In his first meeting with the press since being named president of Petroleos de Venezula SA, Alí Rodríguez Araque last week emphasized that Venezuela still firmly supports the objectives and decisions of the Organization of Petroleum Exporting Countries. Asked if Venezuela would increase its oil production to ease the country’s economic problems, Rodríguez said, "Long experience has taught us that cooperation is a key factor for maintaining stability in the oil market." Rodríguez also is secretary general of OPEC.

He was named president of PDVSA by newly restored President Hugo Chávez in an effort to return the country’s oil operations to normal (OGJ, Apr. 29, 2002, p. 5). At his press briefing, Rodríguez noted that one of the first acts by Chávez, upon his return to office after being briefly displaced by an attempted military coup, was to pledge Venezuela’s support of OPEC oil policies.

"One of the conditions for having a good role in OPEC is to have a strong economy in Venezuela.

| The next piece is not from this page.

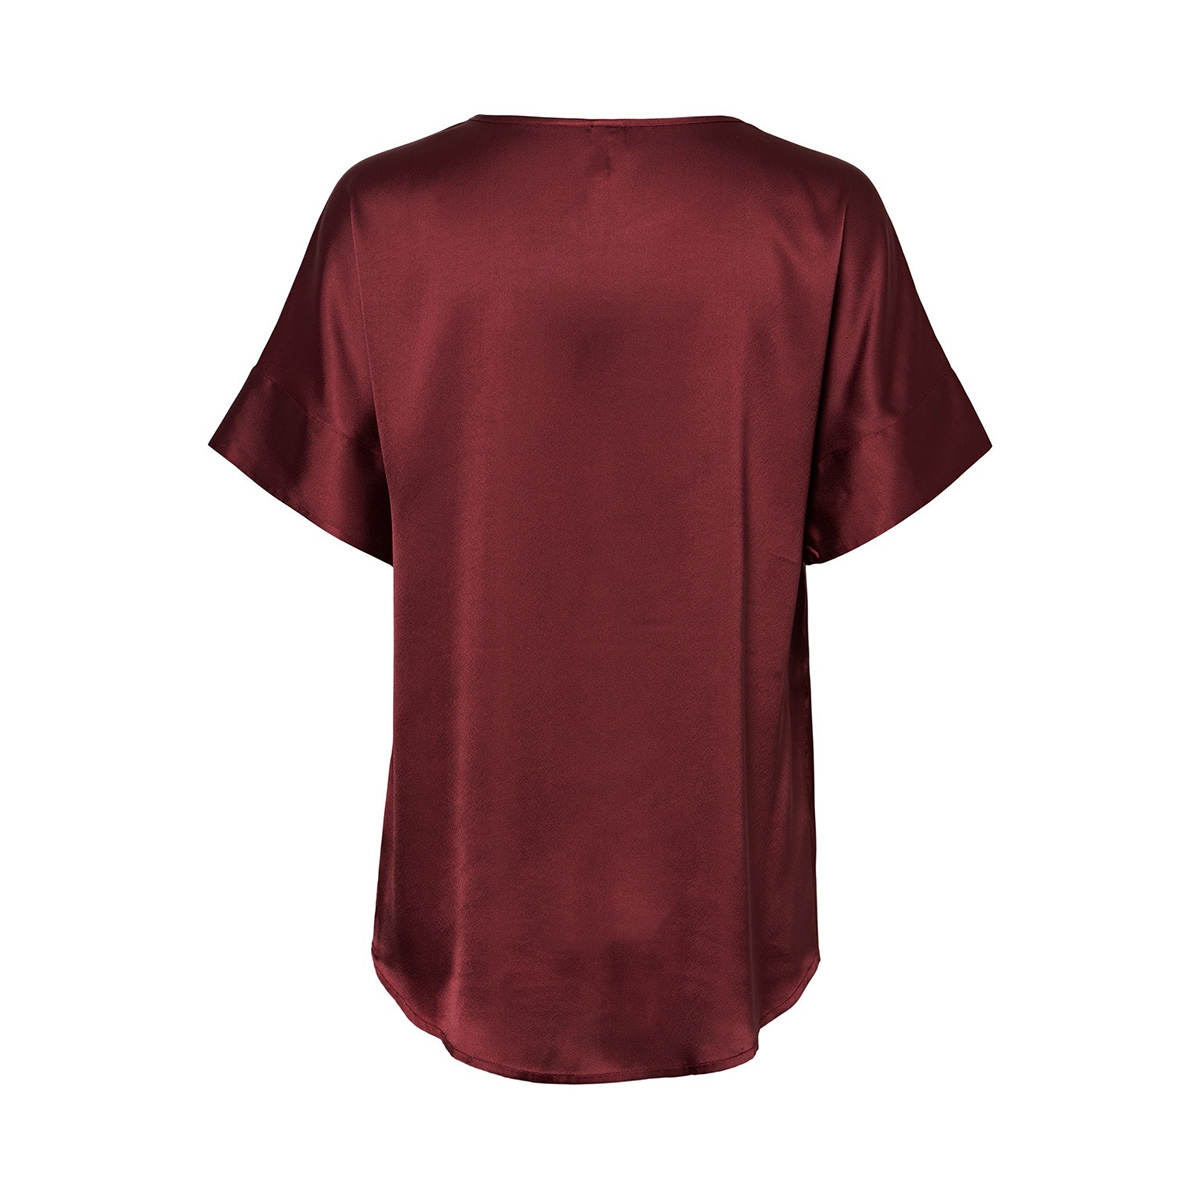 vmjessica 2/4 top sb1 10228384 vero moda t-shirt port royale

And one of the reasons for my PDVSA appointment is to support this position," Rodríguez said.

Price is right

The average price for OPEC’s basket of seven benchmark crudes recently pushed above $25/bbl, well within the group’s targeted range of $22-28/bbl, "which is where we want to see it," Rodríguez said. Maintaining cooperation on oil supplies with non-OPEC producers, especially Russia, is the key to such market stability, he said.

"We are persistently analyzing the market and even though prices are at a good level right now, we are always looking to strengthen our cooperation with non-OPEC producers, which is essential during difficult times," Rodríguez said. He added that he is encouraged by reports that US economic growth this year has been better than expected. He expressed hopes that global demand for oil will increase through 2002, although, he said, "we see the demand growth forecast as being modest."

Rodríguez earlier indicated that OPEC ministers would likely maintain the group’s current production quotas at their next meeting in June. At his press briefing, he said OPEC members will carefully assess supply, demand, and prices before making any decision, however. "We will create a difficult situation if we do not seriously take into account an analysis of the market situation before we act," Rodríguez said.

US producers hedge

Robert Morris, industry analyst for Salomon Smith Barney Inc., reported last week that most of the 24 producers he follows have taken advantage of recent high prices to hedge future oil and natural gas production against possible price drops later this year.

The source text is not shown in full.